Frederick came by as soon as he saw Anne's email telling him that her sisters had left.
"What happened?"
"Nothing. Too many things. Depends on who you ask. Liz can't sleep on any bed smaller than a queen size, Mary can't stand the smell of the bathroom, both of them want a bathtub and won't use the shower stalls. And of course, it's easier for them to start building up their summer wardrobe at Filene's than to pick up the next tech billionaire by hanging around Harvard and MIT during spring break."
"Well, at least you have your bed back." Frederick started squishing the air out of the blow-up mattress. Anne still looked so forlorn that he couldn't resist giving her a hug. "And you still have me."
"Yeah," Anne hugged back, tighter than she realized. "I have you."
Or to Anne at least, it could have been the moment when she figured out the Lindy Hop without any real need for an instructor.

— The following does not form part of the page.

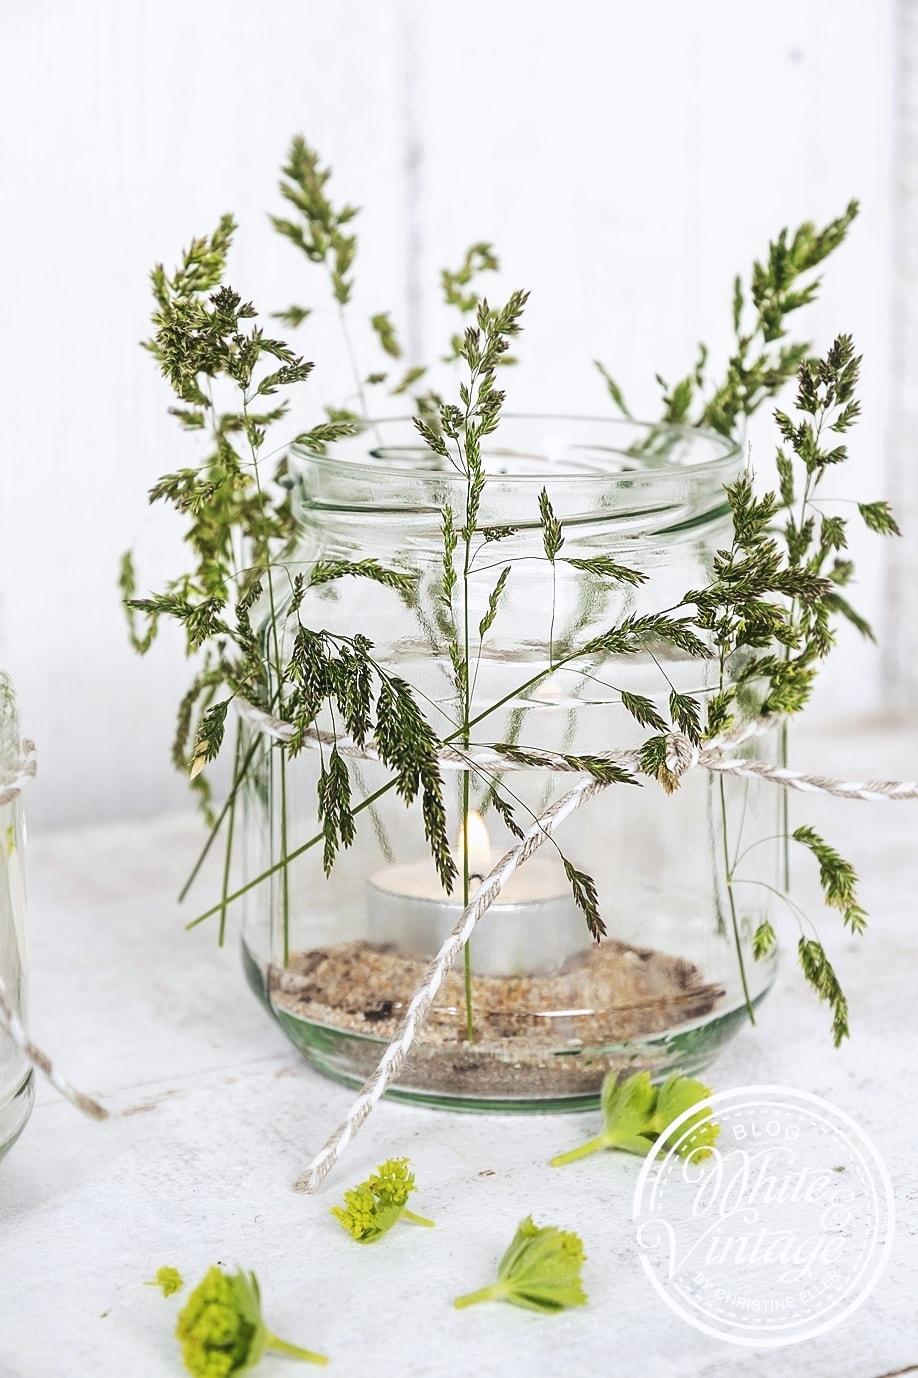 DIY Geschenk: Windlichter mit Gräsern verzieren

It was one of those times when everyone had a lot of pent-up energy after a whole week of being cooped up studying for midterms. With Anne's 19th birthday coming up the following week, they'd all decided to have an early celebration over the weekend, with a trip downtown for dinner followed by a swing party.
Anne wasn't sure where Frederick got his swing skills from, since this was the first time they'd ever gone dancing together - they'd simply had too many other things to do. Most likely, he'd picked it up at the frat house. But any jealousy Anne felt towards whichever girls Frederick might have danced with before was relatively short-lived, since that night they were so naturally paired that nobody else dared to even try supplanting Anne as his partner.
Before long, they were actually doing the Lindy Hop. Anne knew her footwork was probably garbage, but it didn't matter anymore. All she cared about was the thrill of whirling around and around, with no one but Frederick in her consciousness.
Chapter Notes:
Canon Notes - This chapter maps into the part of canon which says, "They were gradually acquainted, and when acquainted, rapidly and deeply in love." As in canon, they spend a few months (equivalent to a semester of college) getting to know each other gradually, and at the end of it they find that they've become a couple.